▸ **RAW DATA**
------------------------------------------------------------------------

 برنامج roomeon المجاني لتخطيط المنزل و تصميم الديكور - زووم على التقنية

------------------------------------------------------------------------

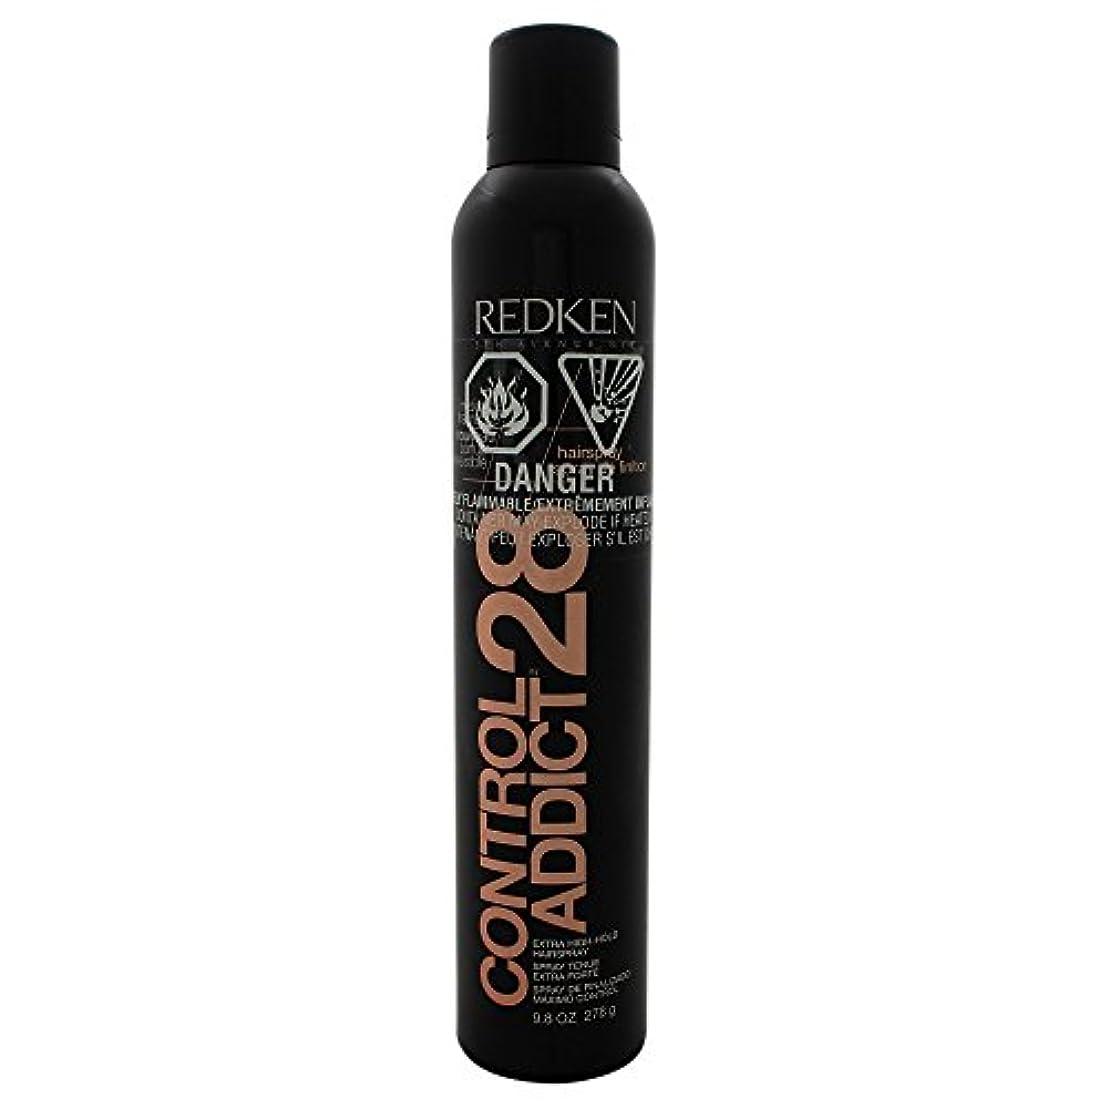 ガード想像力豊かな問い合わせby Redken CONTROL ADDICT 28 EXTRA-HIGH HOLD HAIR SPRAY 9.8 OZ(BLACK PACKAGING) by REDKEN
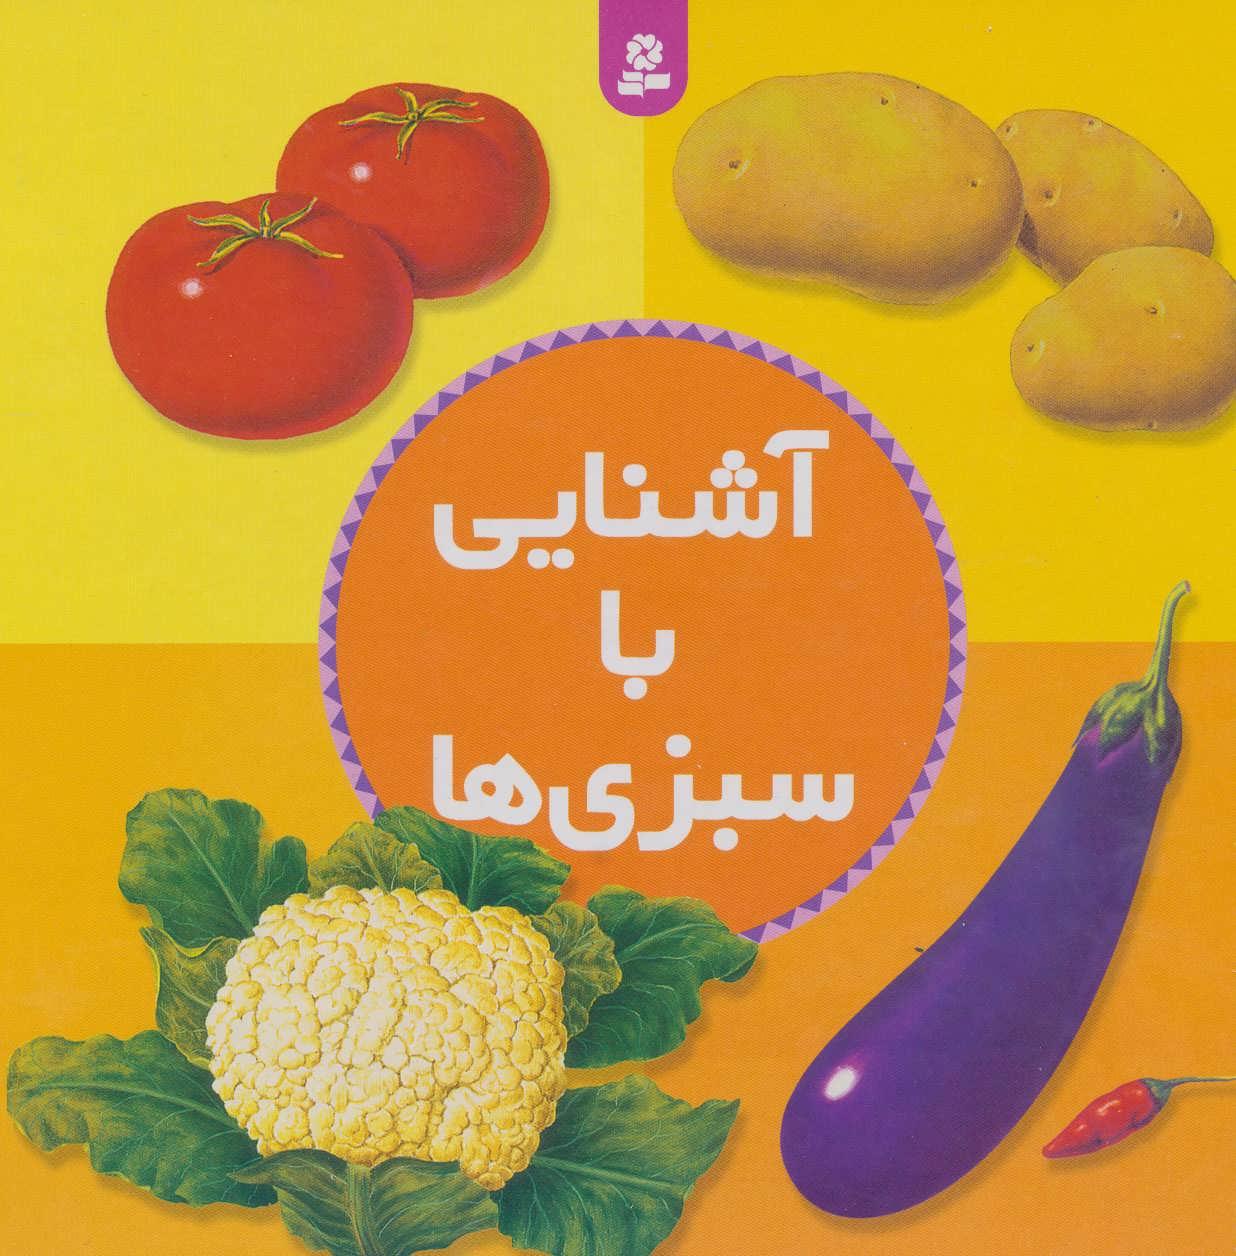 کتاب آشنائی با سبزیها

------------------------------------------------------------------------

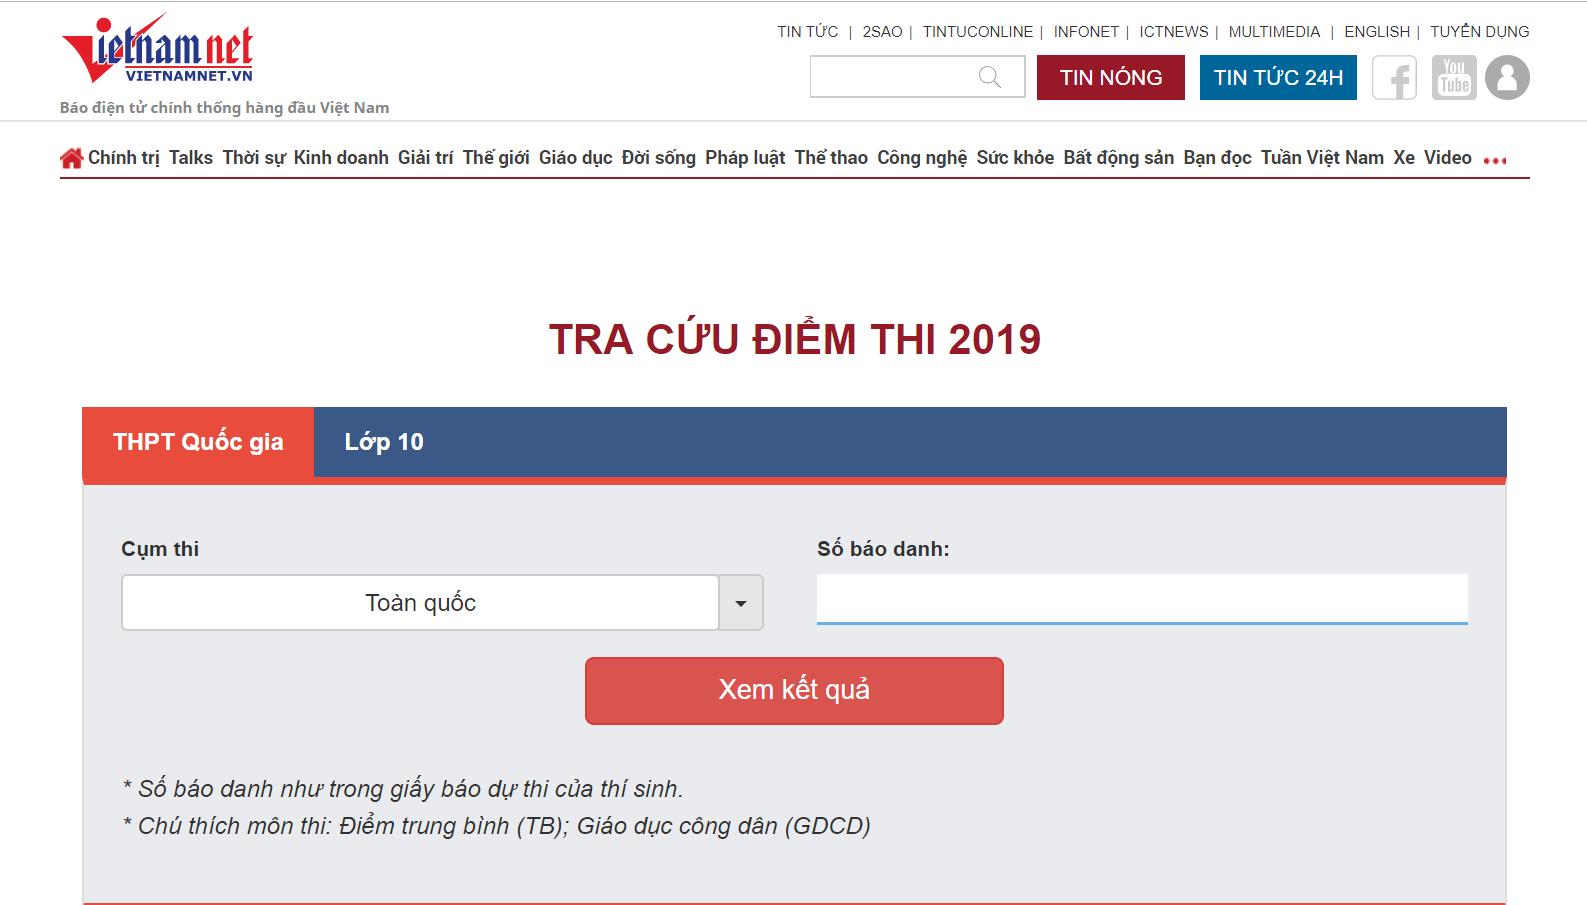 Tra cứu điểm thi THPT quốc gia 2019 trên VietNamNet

------------------------------------------------------------------------

Return exactly the stretch above whose first line contains "ガード想像力豊かな問い合わせby Redken CONTROL" and whose last line contains "کتاب آشنائی با سبزیها", and nothing outside it. The pictures should not appear.

▸ **SOLUTION TO THE PROBLEM**
 ガード想像力豊かな問い合わせby Redken CONTROL ADDICT 28 EXTRA-HIGH HOLD HAIR SPRAY 9.8 OZ(BLACK PACKAGING) by REDKEN
 کتاب آشنائی با سبزیها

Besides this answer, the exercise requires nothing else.